Function that takes input sequence of ints and data and applies the specific transform per index, by default None which is no transform.

property transform: Callable[[T_co, int], T_co]#

Gets the transform function, if None, no transformation applied.

class opendataval.dataloader.util.ListDataset(input_list: Sequence[T_co])#

Bases: Dataset[T_co]

Data set wrapping a list.

ListDataset is primarily useful to when you want to pass back a list but also want to get around the type checks of Datasets. This is intended to be used with NLP data sets as the the axis 1 dimension is variable and BERT tokenizers take inputs as only lists.

Parameters#

input_listSequence[T_co]

Input sequence to be used as data set.

opendataval.dataloader.util.load_tensor(tensor_path: Path) Tensor#

Module contents#

Create data sets and loads with DataFetcher.

Data Loader#

Provides an API to add new data sets and load them with the data loader. To create a new data set, create a Register object to register the data set with a name. Then load the data set with DataFetcher. This allows us the flexibility to call the dataset later and to define separate functions/classes for the covariates and labels of a data set

Creating/Loading data sets#

Register(dataset_name[, one_hot, cacheable, ...])

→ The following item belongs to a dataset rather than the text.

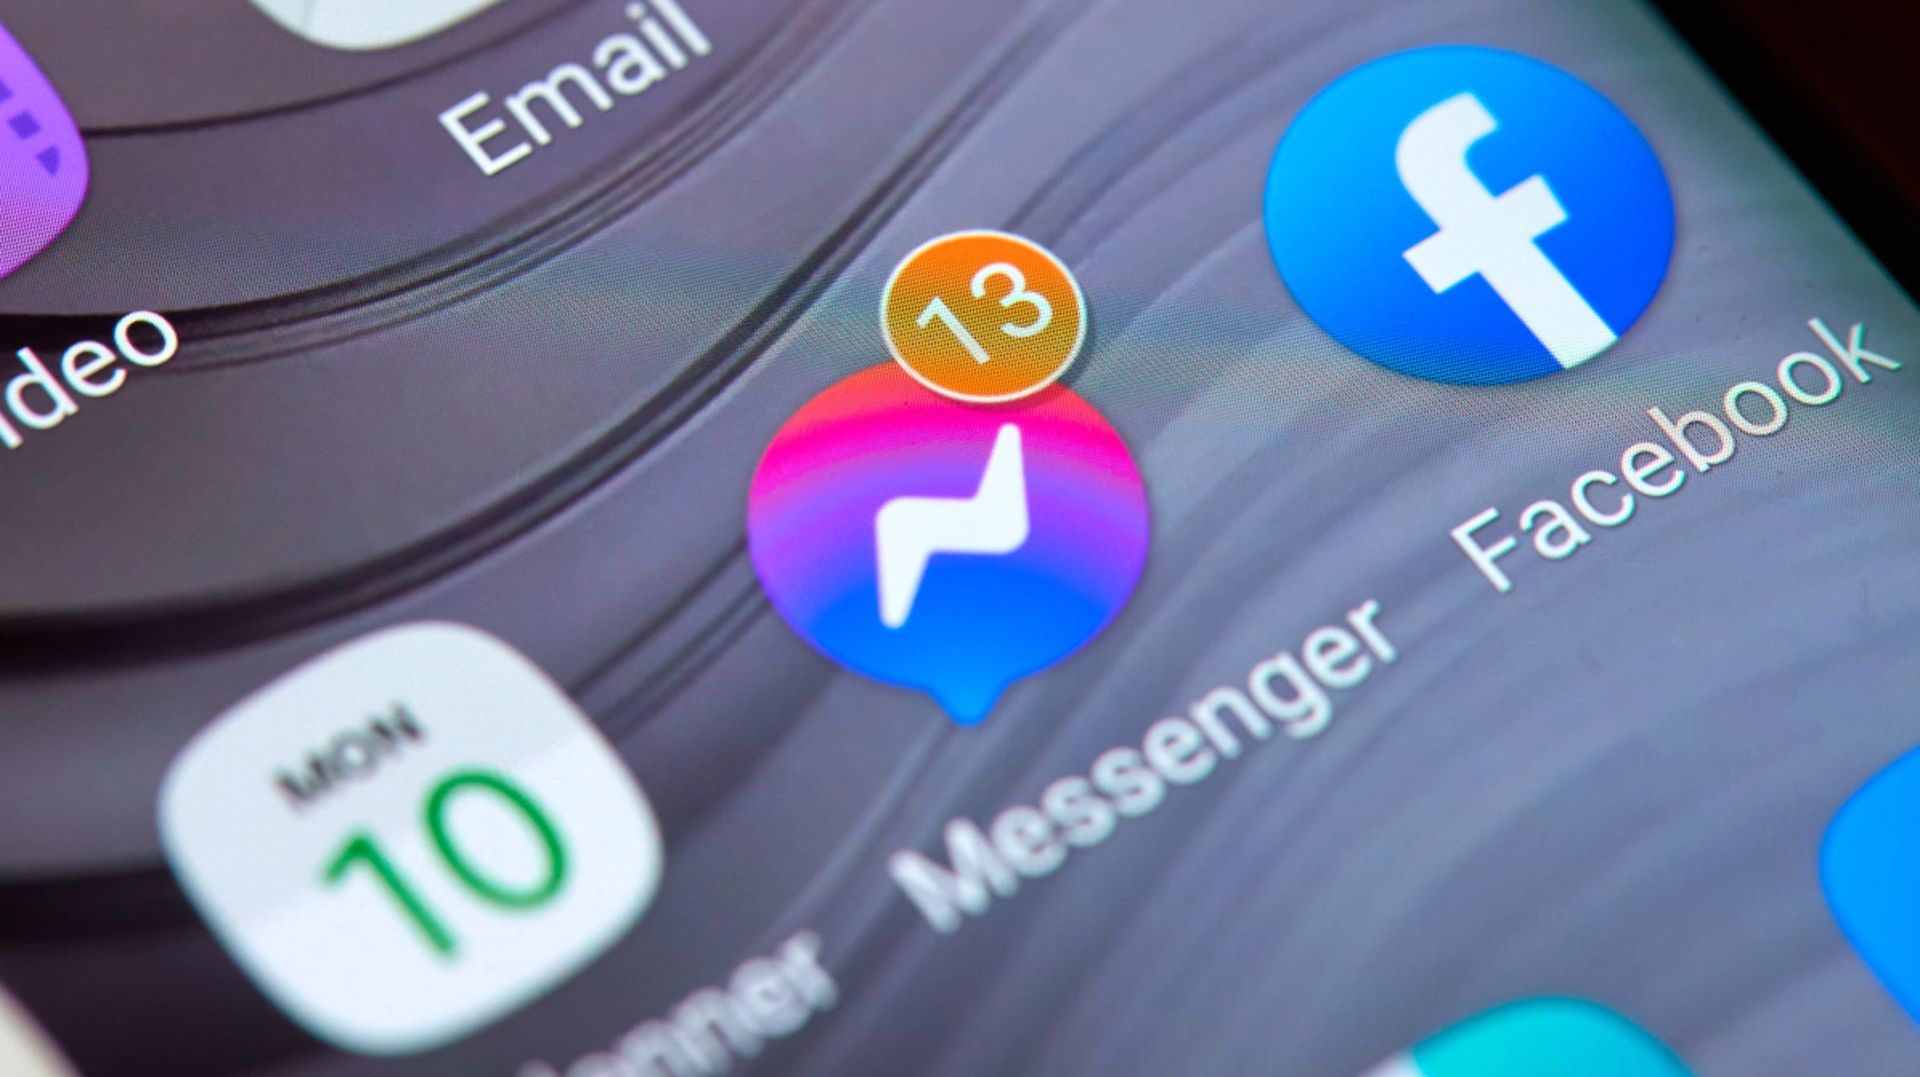 Today we are going to show you how to see restricted messages on Messenger?

Register a data set by defining its name and adding functions to retrieve data.

DataFetcher(dataset_name[, cache_dir, ...])

Load data for an experiment from an input data set name.

datasets

Data sets registered with Register.

Utils#

cache(url, cache_dir[, file_name, ...])

Download a file if it it is not present and returns the filepath.

mix_labels(fetcher[, noise_rate])

Mixes y_train labels of a DataFetcher, adding noise to data.

one_hot_encode(data)

One hot encodes a numpy array.

CatDataset(*datasets)

Data set wrapping indexable Datasets.